Publié dans Interviews exclusives, roman policier, roman policier breton

Interview de Christophe Sémont, auteur de Soleil Noir.

Christophe Sémont a gentiment et patiemment répondu à mes questions concernant son travail d’écrivain et son premier roman Soleil Noir. Vous découvrirez un homme simple, sympathique, passionné de voyages et d’écriture.

1)Afin de vous présenter à mes lecteurs, vous travaillez actuellement dans une agence media en tant que directeur data et marketing direct et vous êtes papa de deux jeunes enfants. Mais avant de poser vos valises, vous avez beaucoup voyagé. Pourquoi tous ces voyages et dans quelles parties du monde ?

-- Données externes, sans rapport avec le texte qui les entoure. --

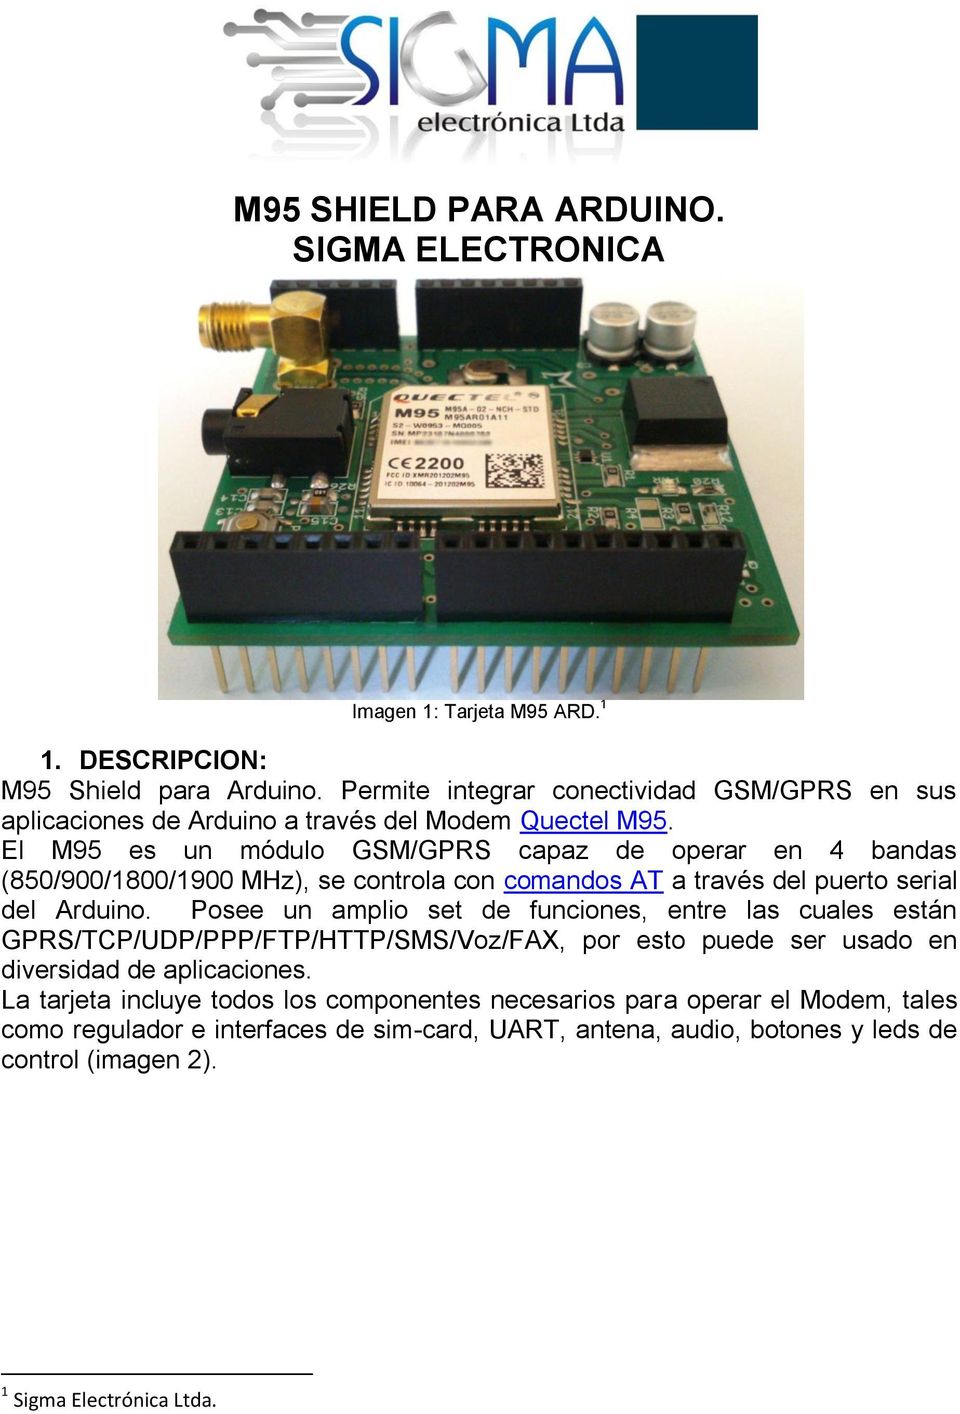 El M95 es un módulo GSM/GPRS capaz de operar en 4 bandas (850/900/1800/1900 MHz), se controla con comandos AT a través del puerto serial del Arduino.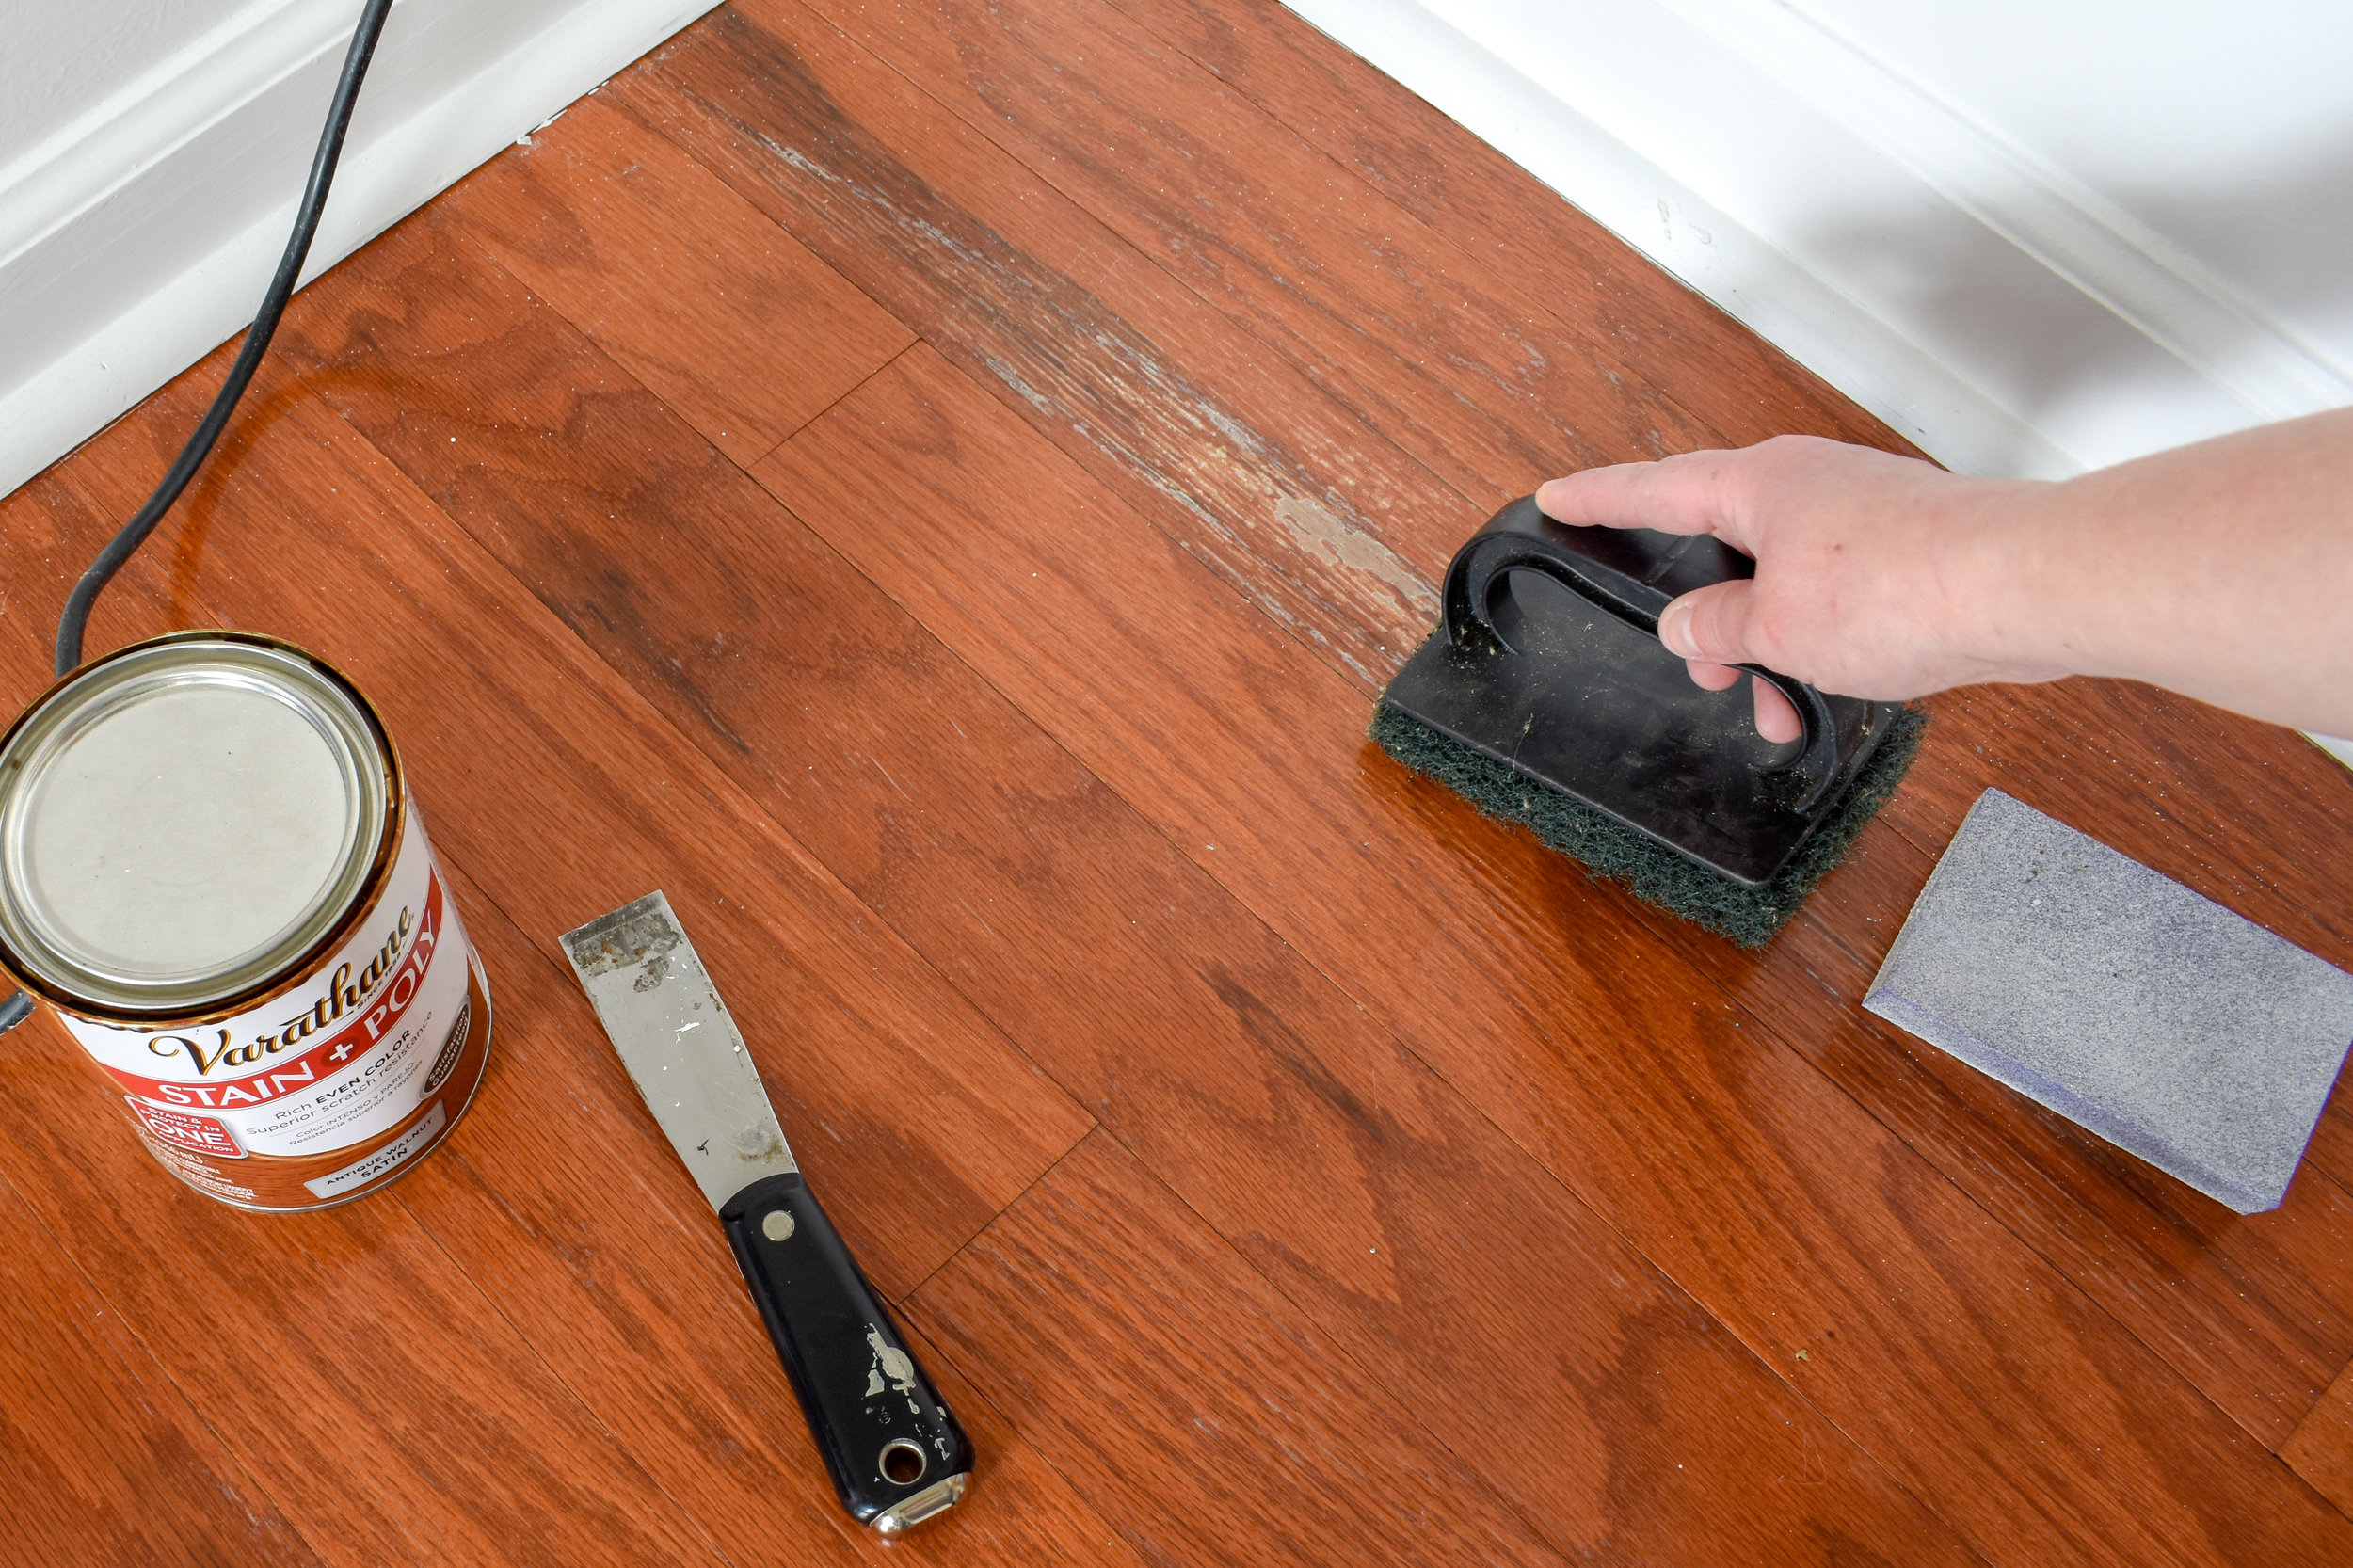 fixing moisture damage on the finish of hardwood floors

Mon premier grand voyage fut un stage de fin d’étude de 6 mois en Argentine. Je crois que c’est à ce moment-là que je suis tombé amoureux de l’Amérique Latine et que j’ai commencé à visiter le monde. Je rentrais dans la vie active, premiers salaires, pas d’attache familiale, je suis parti au Guatemala avec deux amis, puis la Bolivie, le Népal, Cuba, … J’ai essentiellement voyagé en Asie, en Amérique centrale et en Amérique du sud. C’est une ouverture essentielle au monde, une source de rencontres et d’expériences inépuisables que j’essaie de renouveler aussi souvent que possible. Nous revenons avec mon amie d’un périple en Colombie, un pays dont je rêvais depuis longtemps.

2)A quel moment de votre vie et pour quelle raison avez-vous commencé une carrière de romancier ?

Je crois que ma première nouvelle a été publiée en 2013 dans une anthologie numérique (Anatomie du cauchemar chez House Made of Dawn éditions, maintenant disparu). J’avais commencé à écrire quelques années avant mais c’est à ce moment-là que je m’y suis mis plus sérieusement. Je suis un lecteur assidu depuis longtemps, je pense que le plaisir que l’on prend à lire des histoires participe aussi à celui que l’on peut trouver à les raconter. J’ai commencé à écrire par plaisir, je continue par plaisir.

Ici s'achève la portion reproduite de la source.